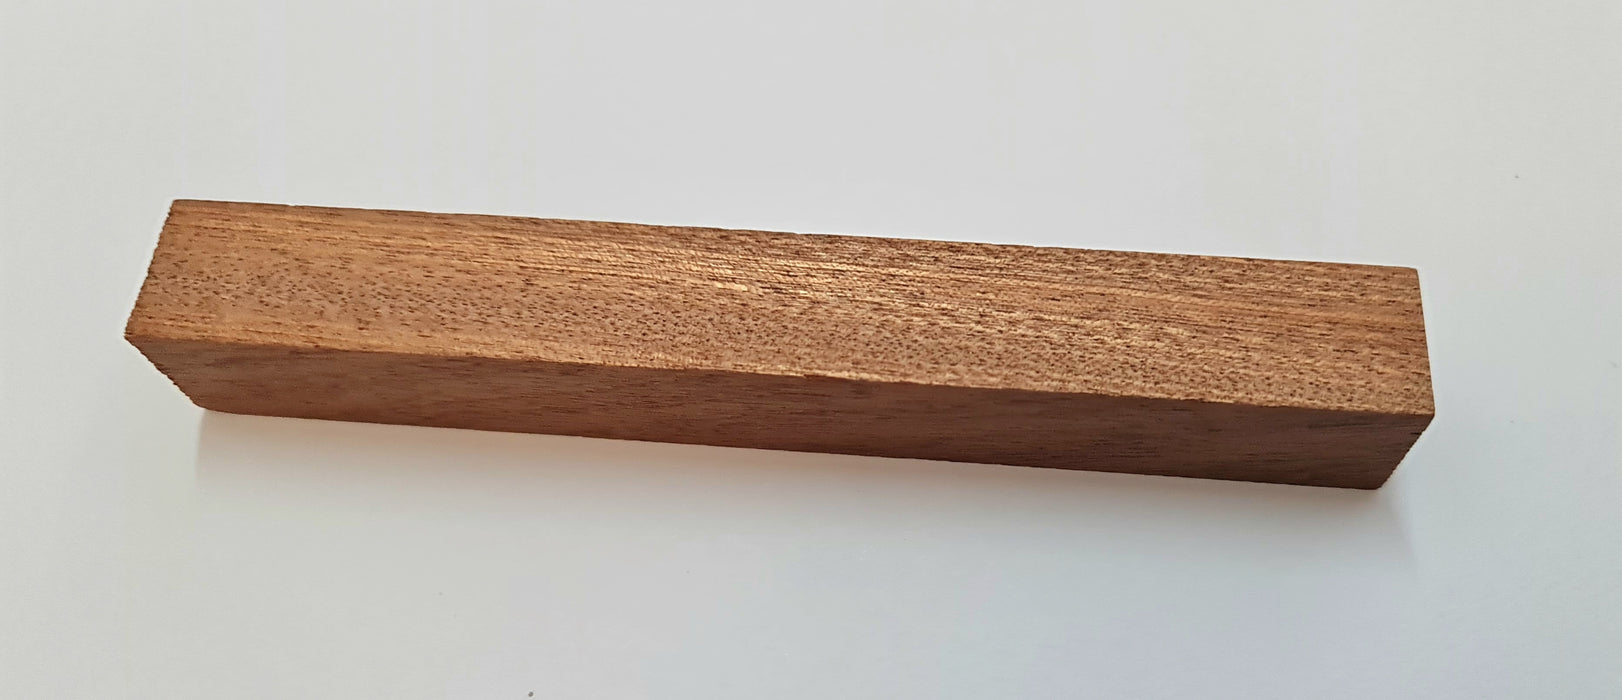 Toolcraft | Pen Turning Blank Sapele Wood
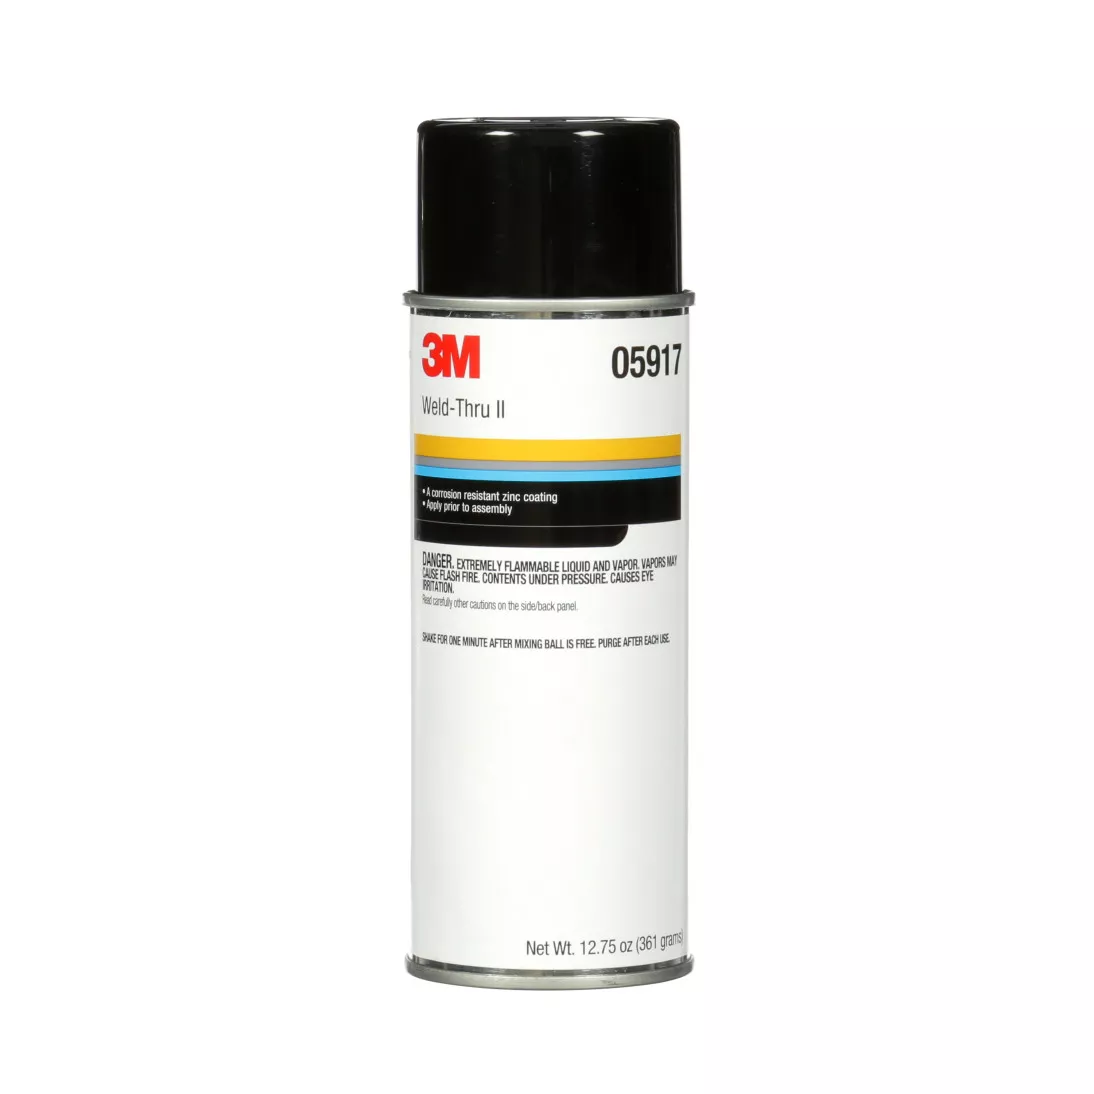 Anti-corrosion Sprays
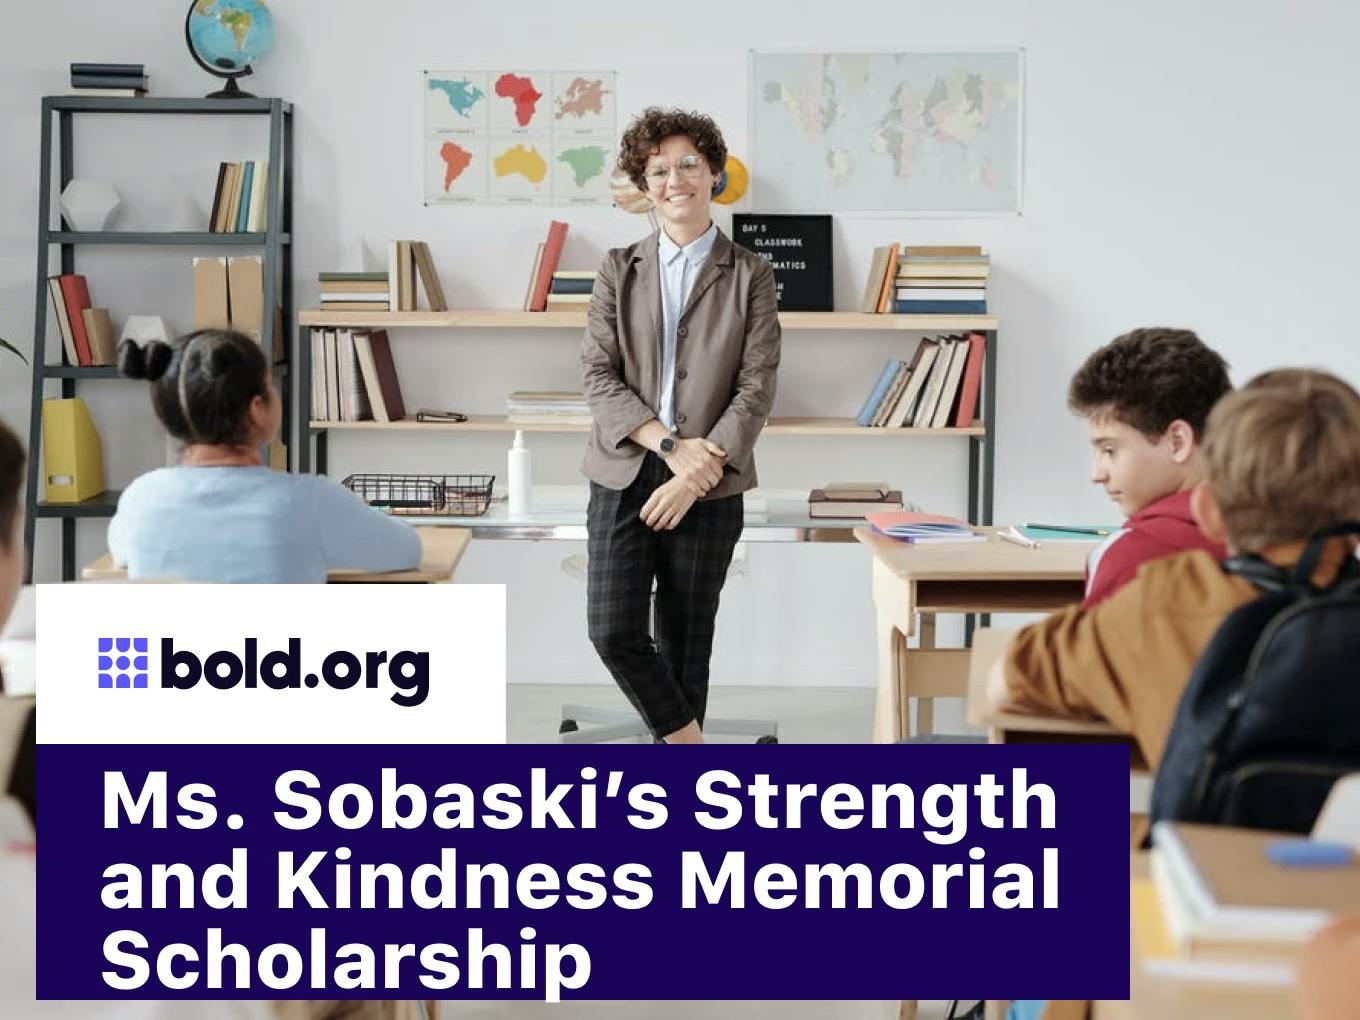 Ms. Sobaski’s Strength and Kindness Memorial Scholarship

• Exercise
Nothing but the lines from the one that holds "Anti-corrosion Sprays" through the end of the data should appear, written out exactly, without pictures.

• Result for this exercise
 Anti-corrosion Sprays
 Ms. Sobaski’s Strength and Kindness Memorial Scholarship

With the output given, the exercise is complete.